I tried your code for calculating the forward and the result is the same (forward = 0,0,-10), I see the back of my quad. If I pass the inverted value of forward (forward = 0,0,10)… no change. It seems the forward parameter do not change the orientation.

The only way I found is:

        mySpriteEffect.World = Matrix.CreateBillboard(Vector3.Zero, cameraPosition, Vector3.Up, forward);
        mySpriteEffect.World *= Matrix.CreateRotationY(MathHelper.Pi);

EDIT : Ignore this last workaround :slight_smile: it’s working only if the quad is at 0,0,0 of course…

But I feel like I workaround something I do wrong on the first place.

Ok sorry i was thinking you could invert the forward to fix that well.

Does it mean it’s normal that the result show the back of the quad?
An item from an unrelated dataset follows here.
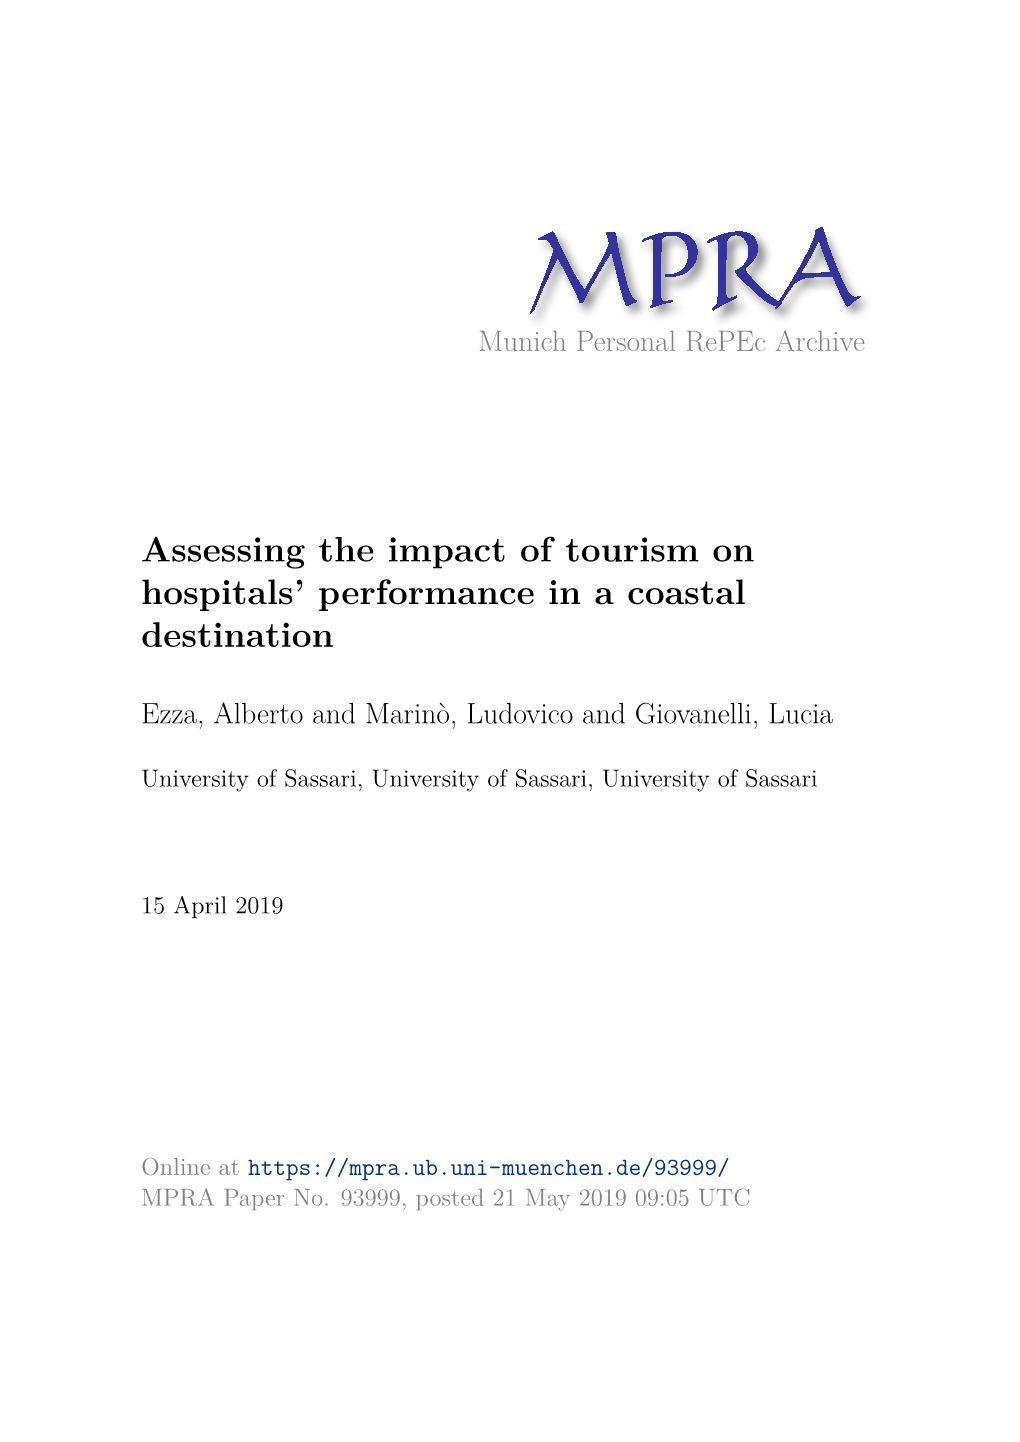 Assessing the Impact of Tourism on Hospitals' Performance in a Coastal

Normally id say no in fact im not sure why the function is negating the forward direction honestly i would do this myself with create world. Either way it’s sort of trivial for a billboard since you want the quads rotation locked to the cameras backwards then again the CreateLookAt swaps the forward as well.

I wouldn’t worry too much about the texture being off though just flip the u or v or both.
Just keep a seperate quad for this specifically.
I build a quad just for billboarding and then adjust the uv’s (u,v) as needed.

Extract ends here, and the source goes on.